The answer must give back every line of the data exactly, with no pictures.

DATASET CONTENT section start

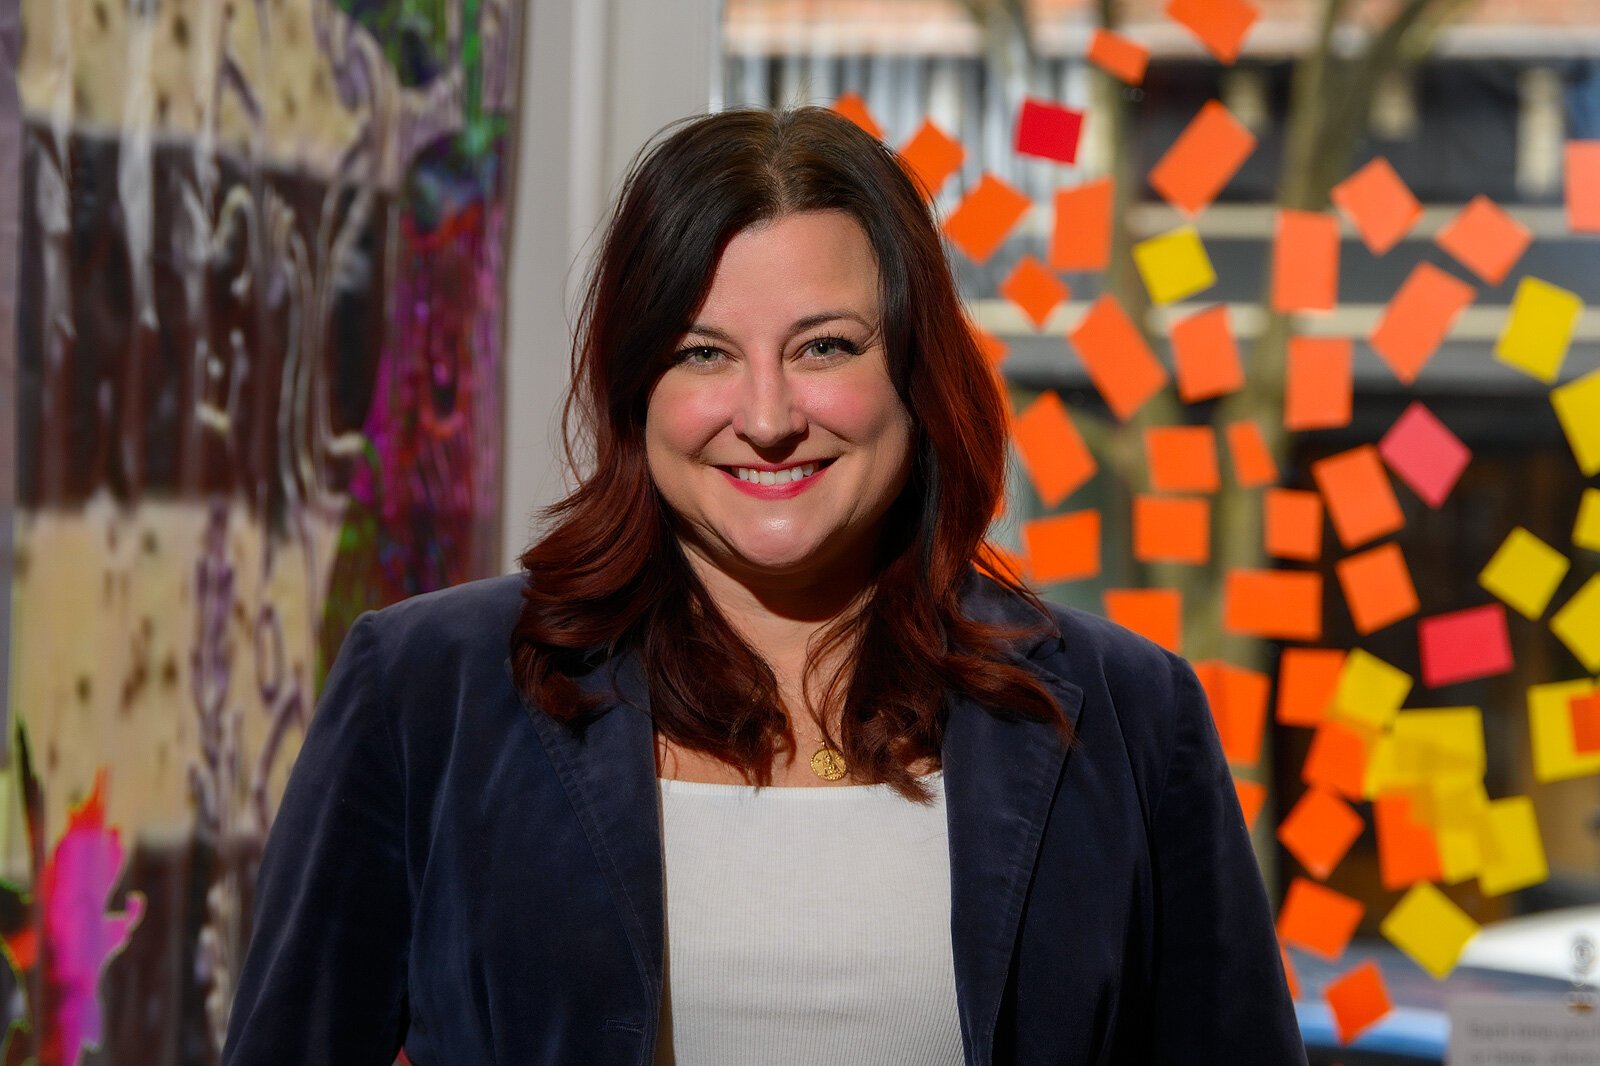 Q&A: New Ann Arbor Art Center executive director outlines inclusive vision for creative community
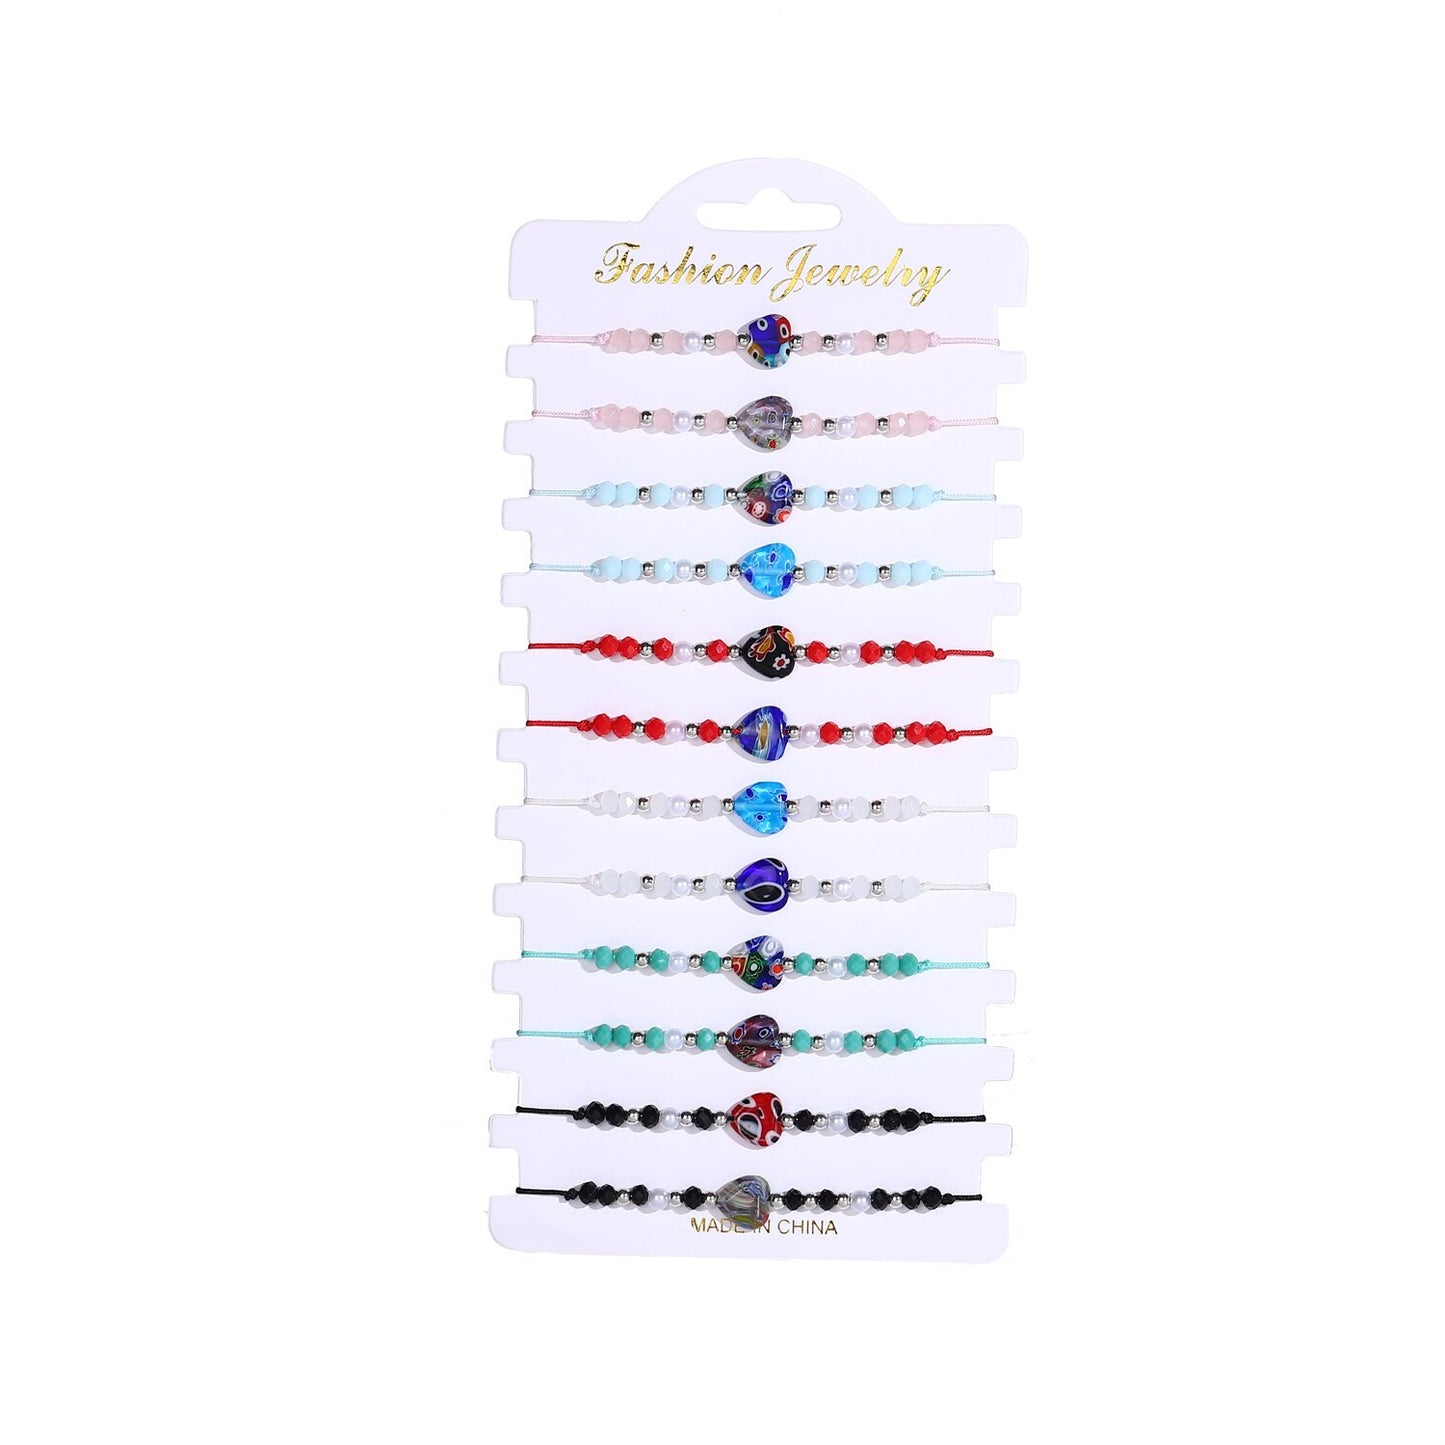 12 Pieces Crystal Seed Beads Heart Pendant Bracelet for Women Men Adjustable Summer Surf Anklet Jewelry Mixed Colors Wholesale
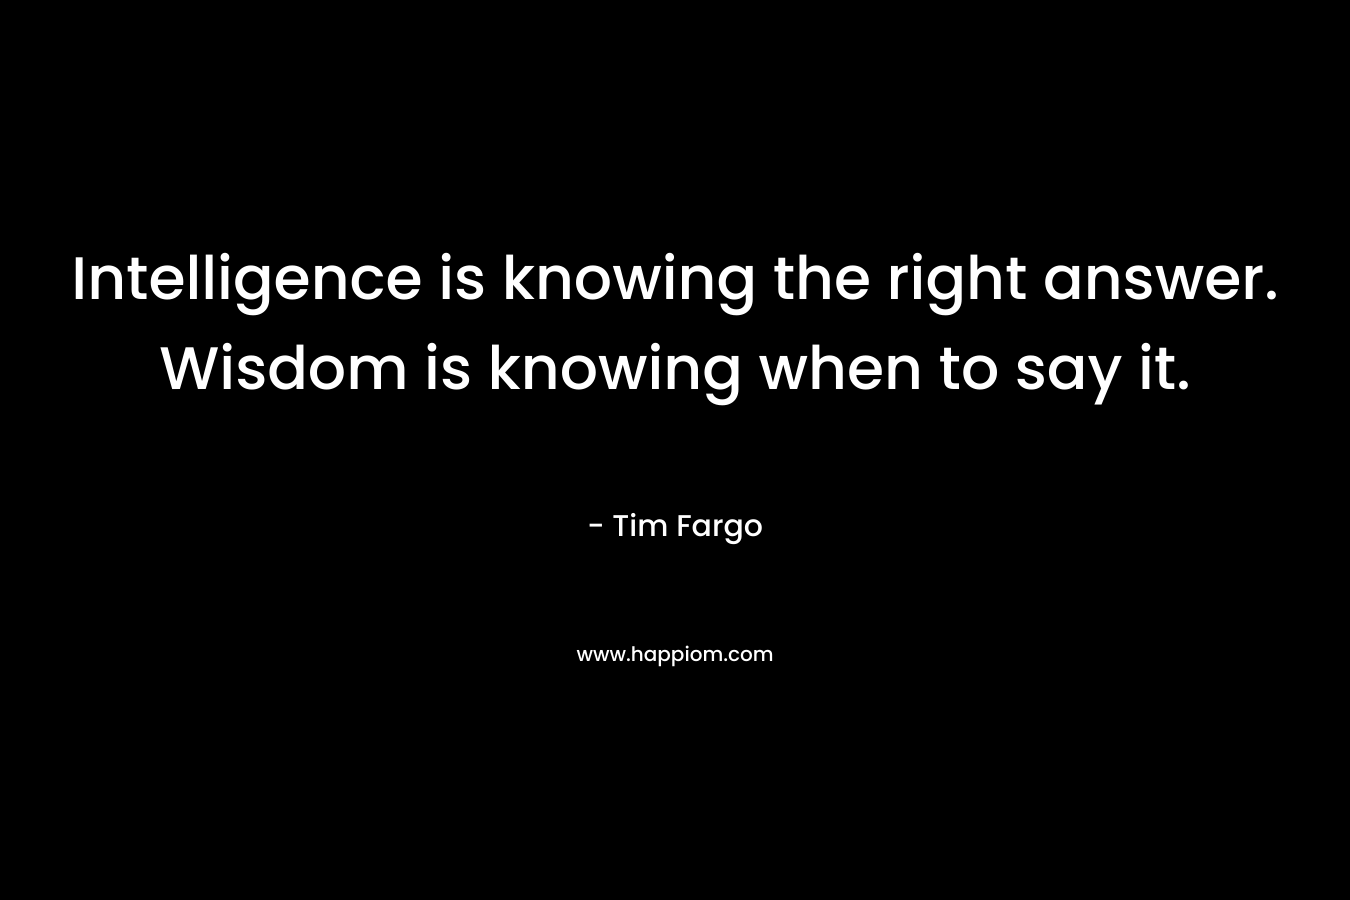 Intelligence is knowing the right answer. Wisdom is knowing when to say it.

DATASET CONTENT section end

▶ TASK SOLUTION:
 Q&A: New Ann Arbor Art Center executive director outlines inclusive vision for creative community
 12 Pieces Crystal Seed Beads Heart Pendant Bracelet for Women Men Adjustable Summer Surf Anklet Jewelry Mixed Colors Wholesale
 Intelligence is knowing the right answer. Wisdom is knowing when to say it.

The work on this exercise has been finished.